I have a python dictionary that I broadcast which contains date filters by user.
nested_filter = {"user1":"2018-02-15"}
b_filter = sc.broadcast(nested_filter)
I want to use this broadcast variable to filter a larger RDD with rows less than the filter date.
rdd_set = sc.parallelize([("user1","2018-02-05"), ("user1","2018-02-20")])
rdd_set.filter(lambda fields: fields <= b_filter.value.items()).collect()
But it returns an empty RDD.
Could someone please point out what I am doing incorrectly? Also, do I need to convert the string dates to a date object?
The correct result should be:
[("user1","2018-02-05")]
Observe that the value returned by b_filter.value.items()
inside your filter
call is the same as:
nested_filter.items()
#[('user1', '2018-02-15')]
So then your comparison becomes:
("user1","2018-02-05") < [('user1', '2018-02-15')]
#False
Which is False
. Assuming that nested_filter
is a dictionary with just 1 item (as shown here), what you probably intended to do was compare to the first element of the list:
("user1","2018-02-05") < nested_filter.items()[0]
#True
So to "fix" your code, you could do the following:
rdd_set.filter(lambda fields: fields <= b_filter.value.items()[0]).collect()
#[('user1', '2018-02-05')]
But instead, what I think you actually want is the following:
rdd_set.filter(lambda fields: fields[1] <= b_filter.value.get(fields[0])).collect()

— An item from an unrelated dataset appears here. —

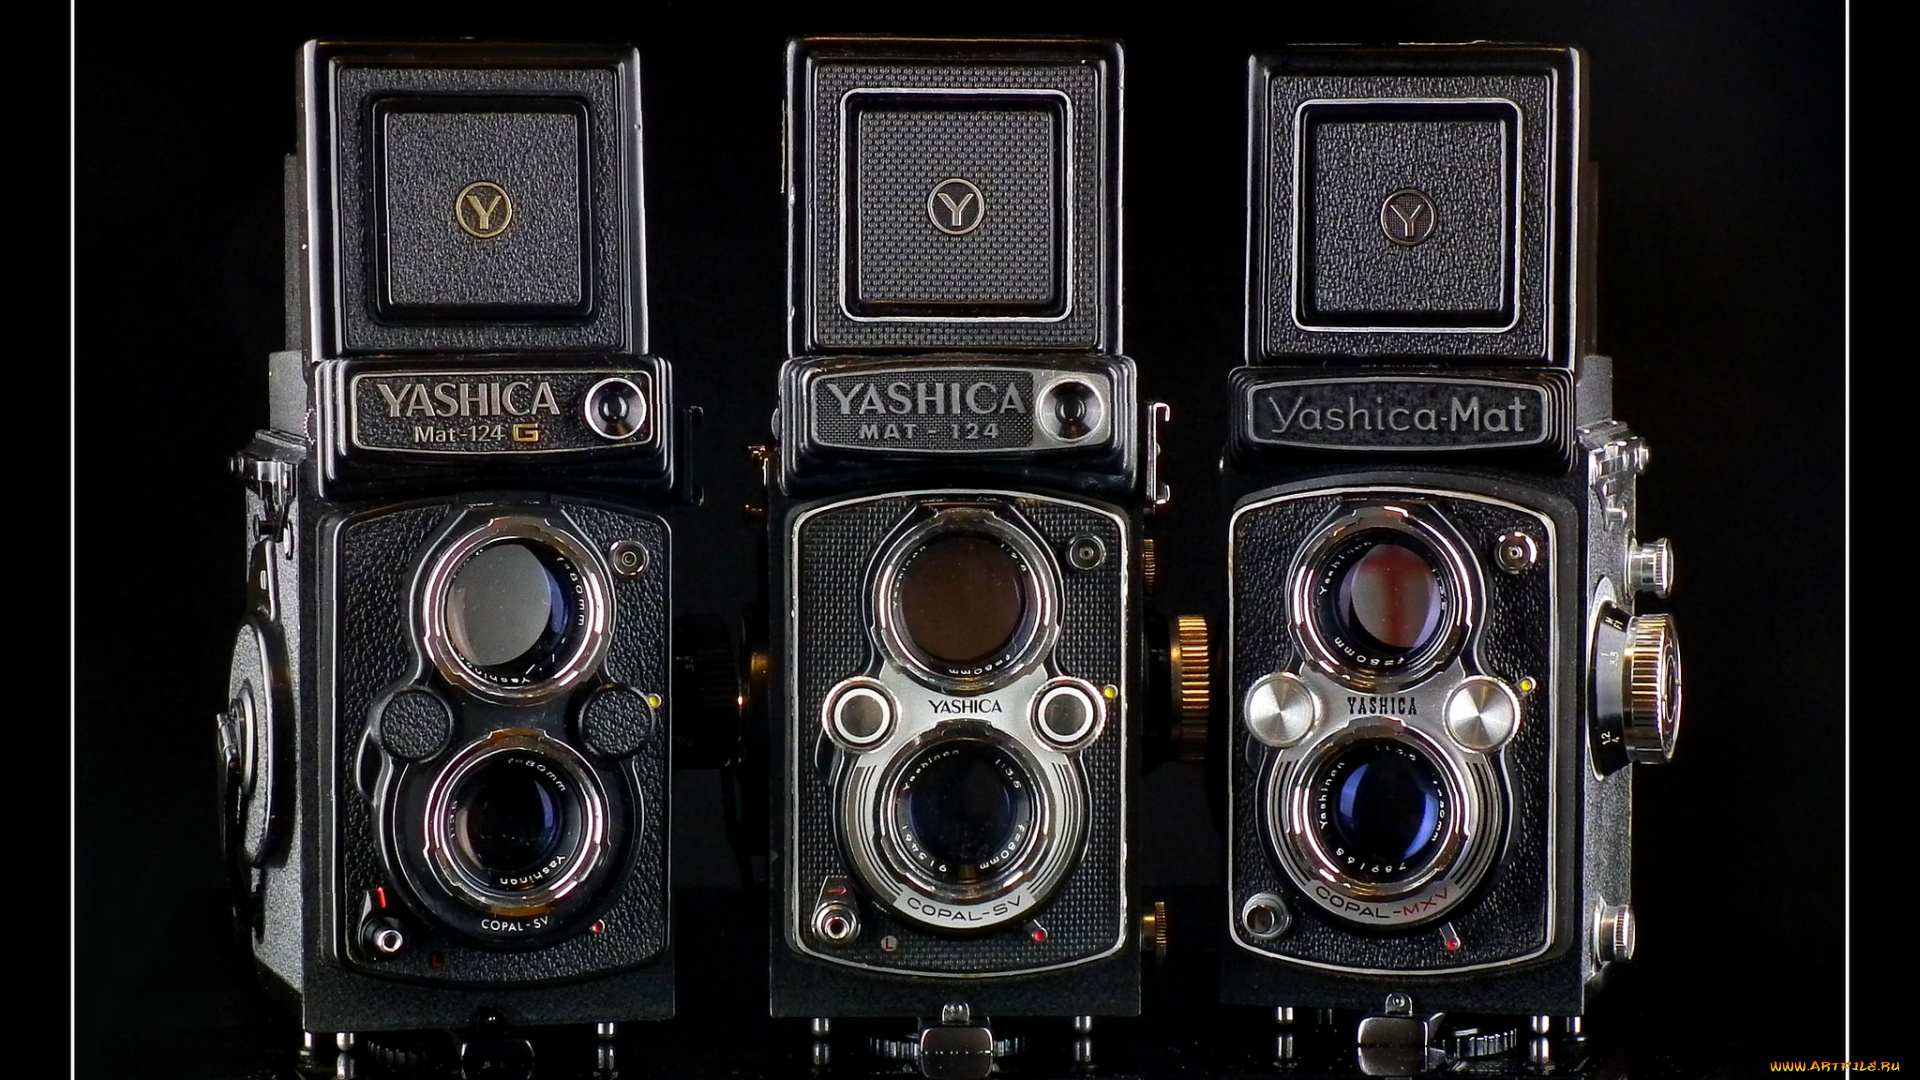 yashica, mat, family, бренды, бренды, фотоаппаратов, , разное, фотокамера

#[('user1', '2018-02-05')]
This uses fields[0]
to get the date from the nested_filter
(or return None
if it doesn't exist) and compares the value with fields[1]
.
As you have noted, this comparison will happen lexicographically on the strings. This won't be a problem for you if your dates remain in YYYY-MM-DD
format, but for other date formats you may need to convert to a datetime
object.